Lately, my old nemesis the squirrel has come back to start eating peaches. But since I was doing so much less to nurture the peach tree–less holistic sprays, less thinning of peaches, and so on–and since I had somewhat resigned myself to having no peaches after last year, I haven’t been stressed out about that. And the squirrel or squirrels seem more mellow as well. The peaches are actually very crowded together, and every couple days, I twist off a few tightly squeezed ones, even though they are not ripe yet, to make room for the others to grow bigger. I’ve put a few on window sills in the house to see if they will ripen. I tell myself the squirrel is also thinning the peaches. We are collaborators, rather than enemies. Who knows, maybe there will be enough for all of us?

Squirrel sitting on a branch in the peach tree nibbling on a green peach.

In a world with so many horrors that I can do nothing to stop, or even to protest, I am grateful to be of use to these small companions who share our back yard with us.

[And thanks to Marge Piercy‘s poem, To Be of Use, for its evocative and helpful title.]

Prayer for Pollinators

Peach and two cherry trees

If you’ve been following my work on digging the pond, I will mention that I took a little break, first to find out what to do about the water that has seeped into the bottom, and then because I twisted my ankle on Friday while I was digging. So annoying! My ankle is not so bad–after a couple days of rest, I can hobble around now, and I will be digging again soon.

In the meantime I wanted to share this photo of the flowering peach and cherry trees in our food forest. They flowered a bit earlier this year than last. In the photo, the peach blossoms are pink, and it is hard to see the white cherry blossoms amid their green leaves in the photo. But they are so beautiful! There are more cherry blossoms this year than last, when we got just a few.

However, I’ve been concerned about pollination. Our neighbor keeps honey bee hives, and usually we have lots of her bees visiting over here, drinking nectar and drinking water from our bird baths. But this year, it has been very sparse for bees. I found out that our neighbor’s hives died in a cold snap earlier in the spring and she hasn’t replenished them yet with new bees.

One day, I did see bees of all sizes in the Lapins cherry tree (on the right in the photo), but I didn’t see them in the peach tree. (Not that I sit and stare all day.) But I’ve been doing so much TLC with the trees this year, with Kaolin clay, and holistic foliar sprays. It would be a shame if we didn’t get fruit because of pollination problems. It is too late now to try to hand-pollinate. The other potential glitch is that while the Lapins cherry is self-fertile, the Black Tartarian cherry needs the Lapins to cross-pollinate. They are both sort of blooming now, but the Lapins had peak blooms earlier, and the Black Tartarian has new blooms that just came out yesterday. So we wait and see.

It reminds me of the sad danger to pollinators everywhere because of climate change, environmental pollutants, pesticides, and development. All of our human food is dependent on these little creatures who pollinate the plants. If the bees die, so do the humans.
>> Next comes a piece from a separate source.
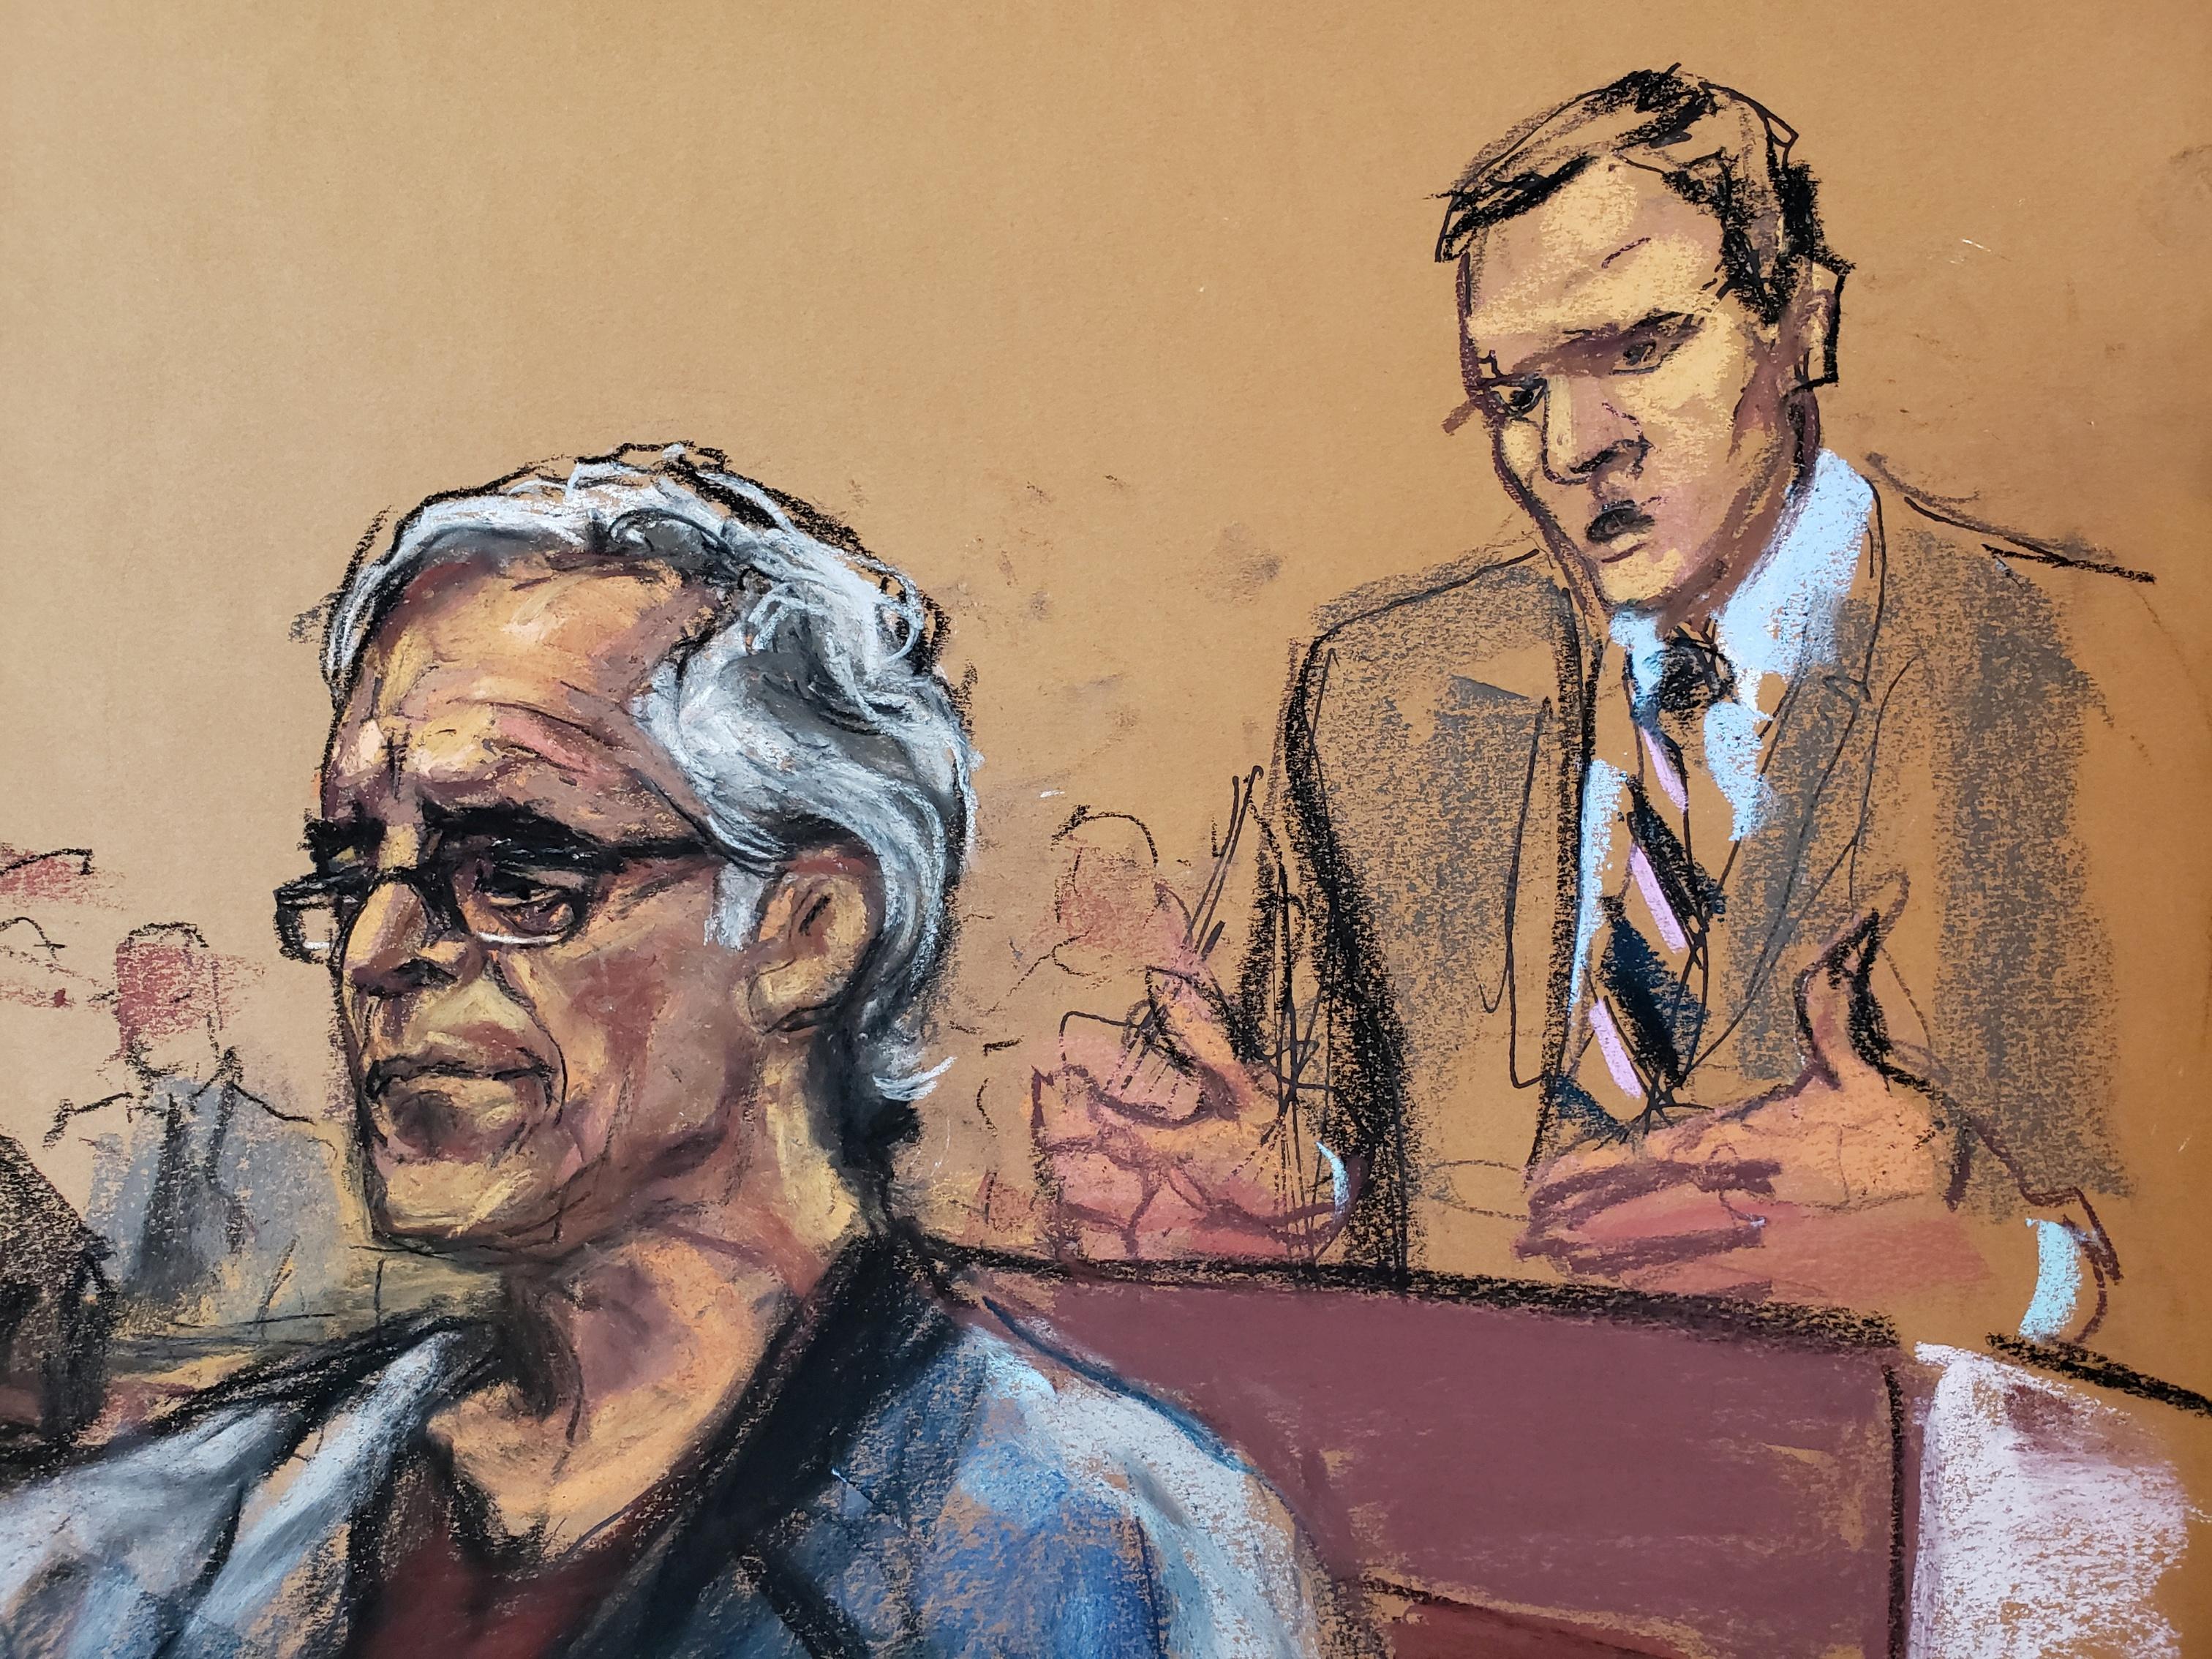 Assistant U.S. Attorney Alex Rossmiller (R) speaks as Jeffrey Epstein looks on during a a bail hearing in U.S. financier Jeffrey Epstein's sex trafficking case, in this court sketch in New York, U.S., July 15, 2019. REUTERS/Jane Rosenberg
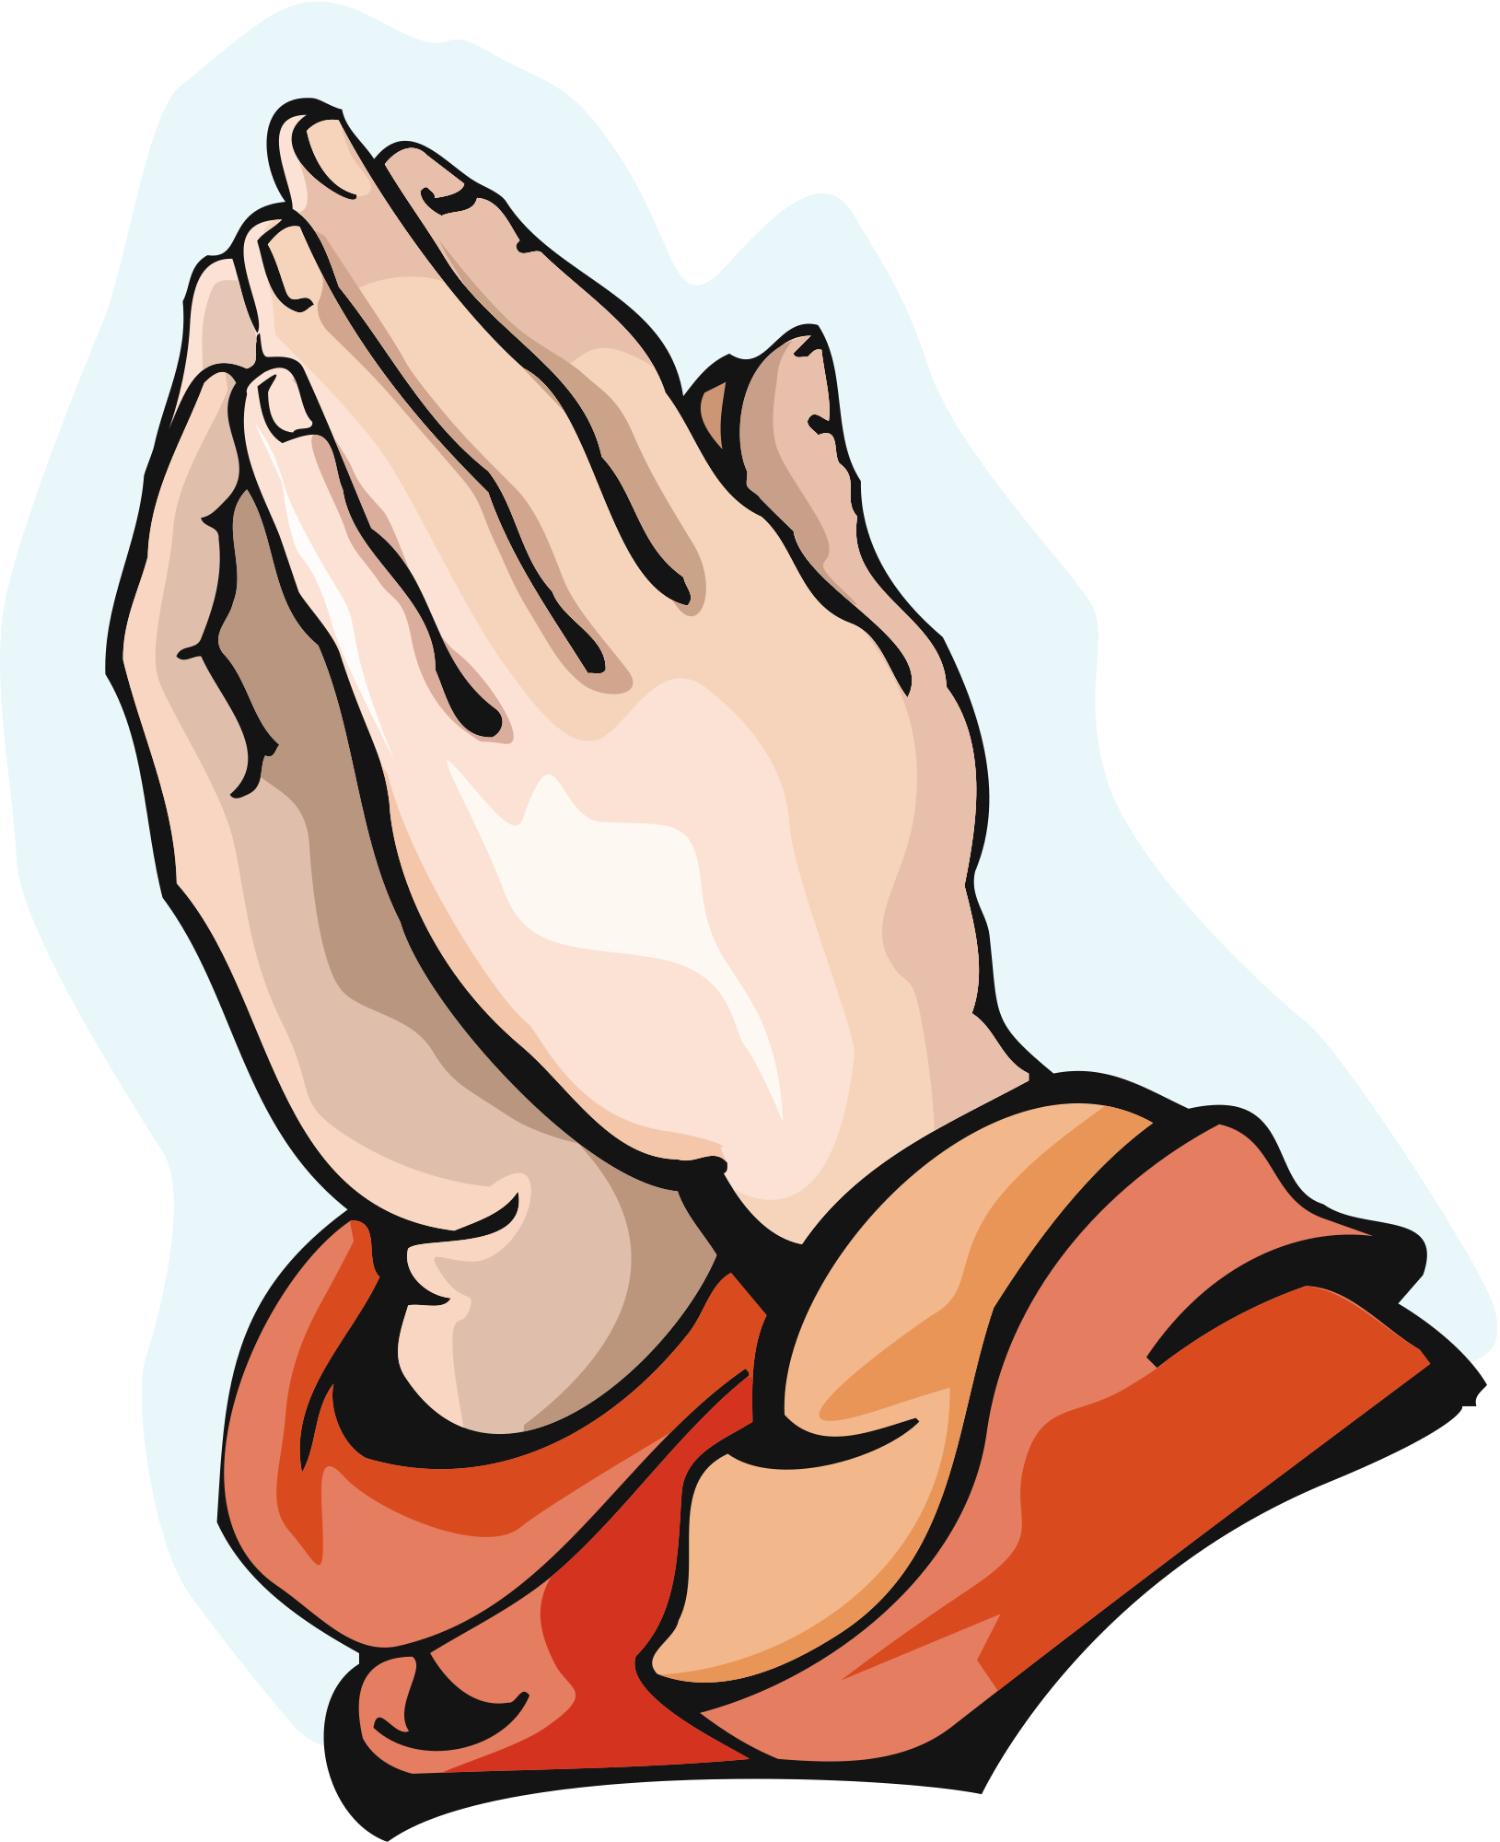 clipart on prayer - photo #40

Today I pray for the pollinators, with gratitude and humility. Part of this prayer is offering to the bees so many other plants in our food forest: daffodils, dandelions, and violets are blooming now; soon we will also have chives, oregano, clover, thyme, and many more. All of us can do more to provide food for bees and other pollinators throughout the season. Only then can they also provide food for us. May this circle of life be blessed.